You are browsing a read-only backup copy of Wikitech. The primary site can be found at wikitech.wikimedia.org
User:Joal/WDQS Traffic Analysis
Analysis of WDQS traffic on public and internal clusters. The charts and data have been computed on Jupyter notebooks running Spark on the Analytics hadoop cluster. Processed data is events sourced through the Modern Event Platform. Originally written on March 2020, reran with June 2020 for the current version of the charts.
Global traffic information
HTTP response codes
Most requests on internal and external traffic generate HTTP result-code 200
(success). The rest of this analysis consider only requests having ended in a 200
response code, except explicitly stated otherwise.

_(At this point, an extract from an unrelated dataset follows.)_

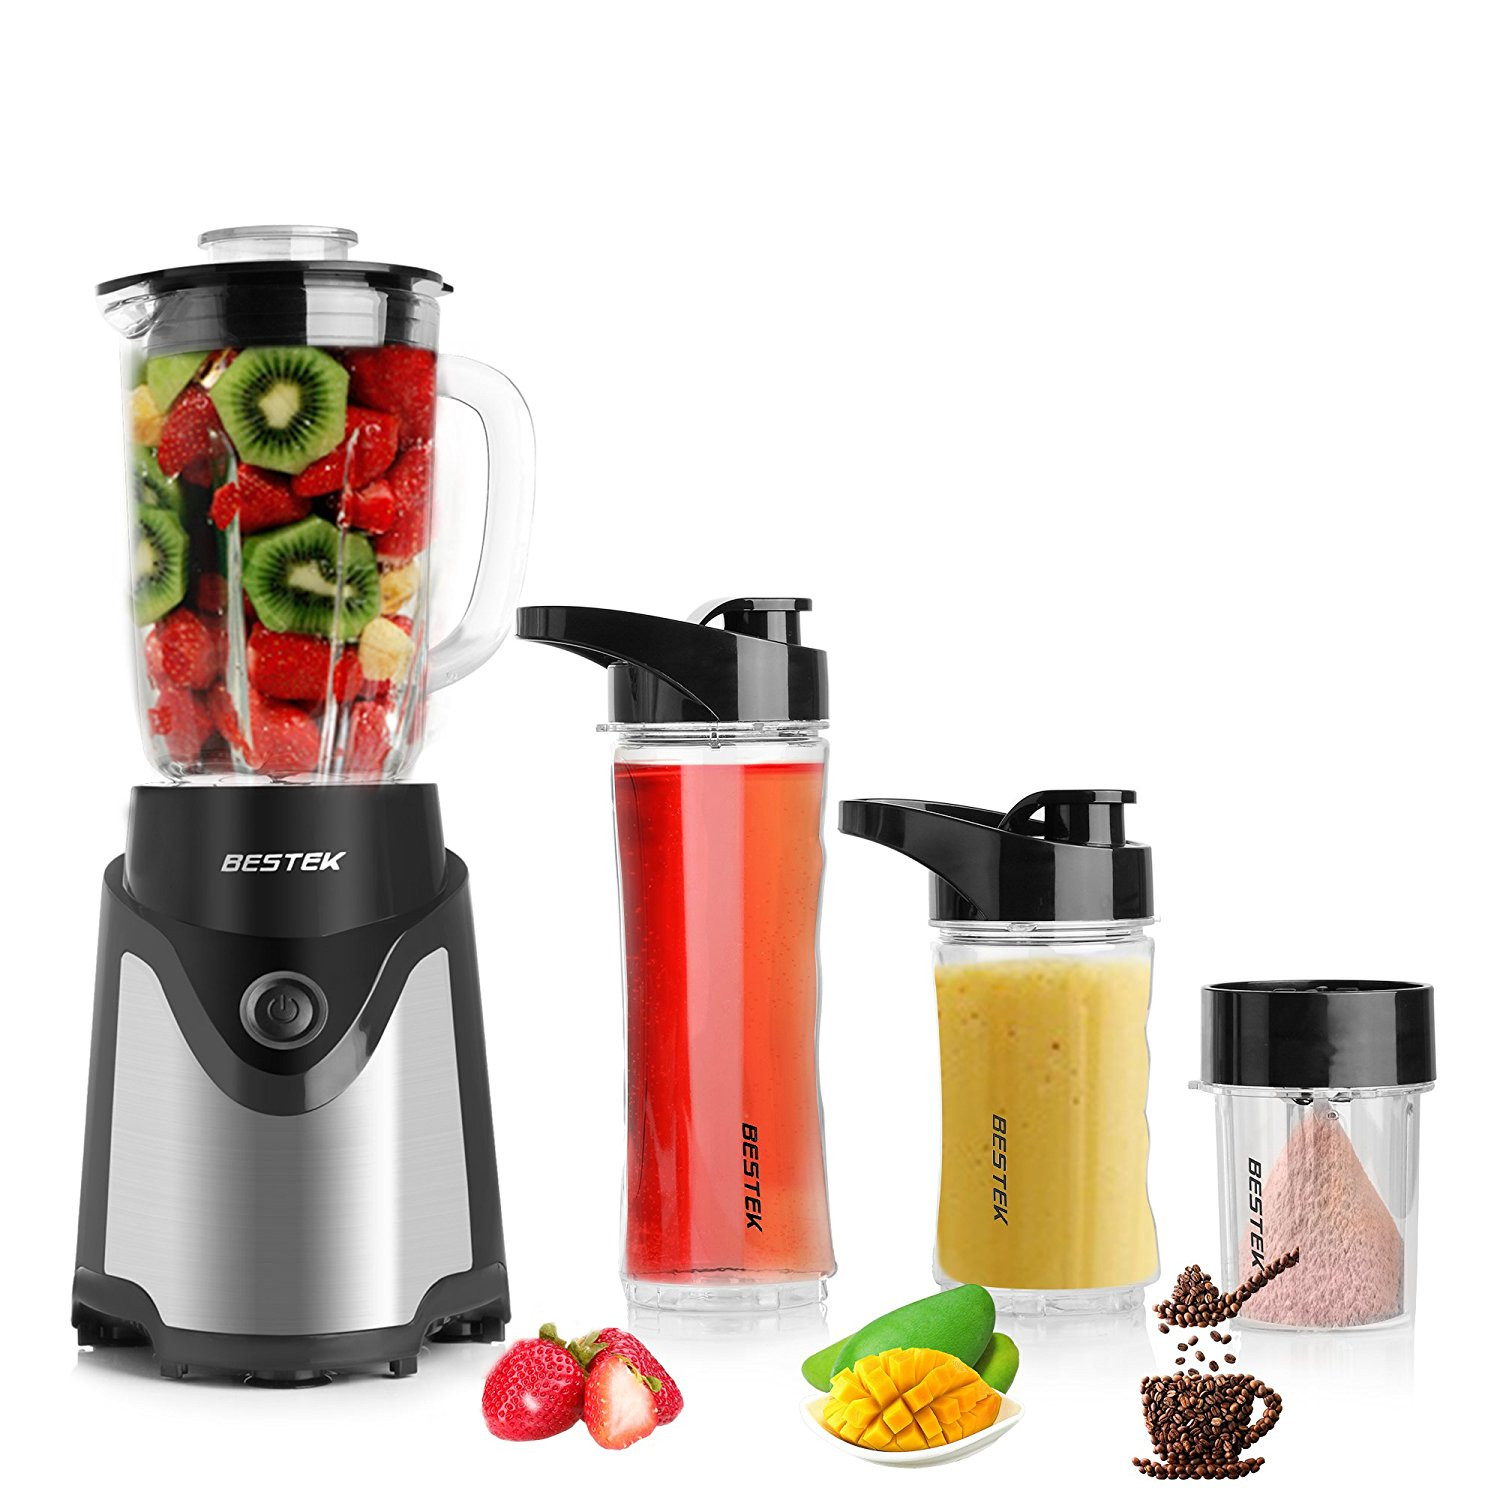 Blender For Smoothies
 Top 10 Best Personal Blenders for Smoothies Fruit

Note: The scale of the two charts are different - See the next section for a comparison of number of requests among clusters.
Public vs Internal
The number of 200
requests to the public cluster is about half of the number of requests to the internal one.
Distinct queries
The number of daily distinct queries for the public cluster is about 61% of the total number of queries for June 2020, and 27% for the internal cluster. This means that each request is repeated on average 0.65 times per day for the public cluster, and 2.75 times per day for the internal one.
Query-time
One of the reasons for which analyzing query-time is interesting is as a proxy for resource-usage in the backend system: a long query is supposedly using more computation resource than a fast one.
Public vs Internal
Despite serving about 2 times more requests than the public cluster, the internal cluster has a daily sum of query-time about 10 times smaller than the public cluster.
Query-time classes
It is interesting to note that for the public cluster, the requests taking more than 10s represent a very small number of requests and take most of the processing time.
Note: These charts are generated using Google Docs as the chart-system used in notebooks doesn't feature dual-axis charts.
Correlations (or not)
For the internal cluster, the sum of query-time is visually strongly correlated to the number of requests done (known query-class performing at regular speed). For the public cluster, there is no such correlation, due to the variety of query-classes (and implementations). Similarly, there is no visually-noticeable correlation between query-time and request-length (number of characters in the request), meaning that the query-length is not a good enough predictor of query complexity.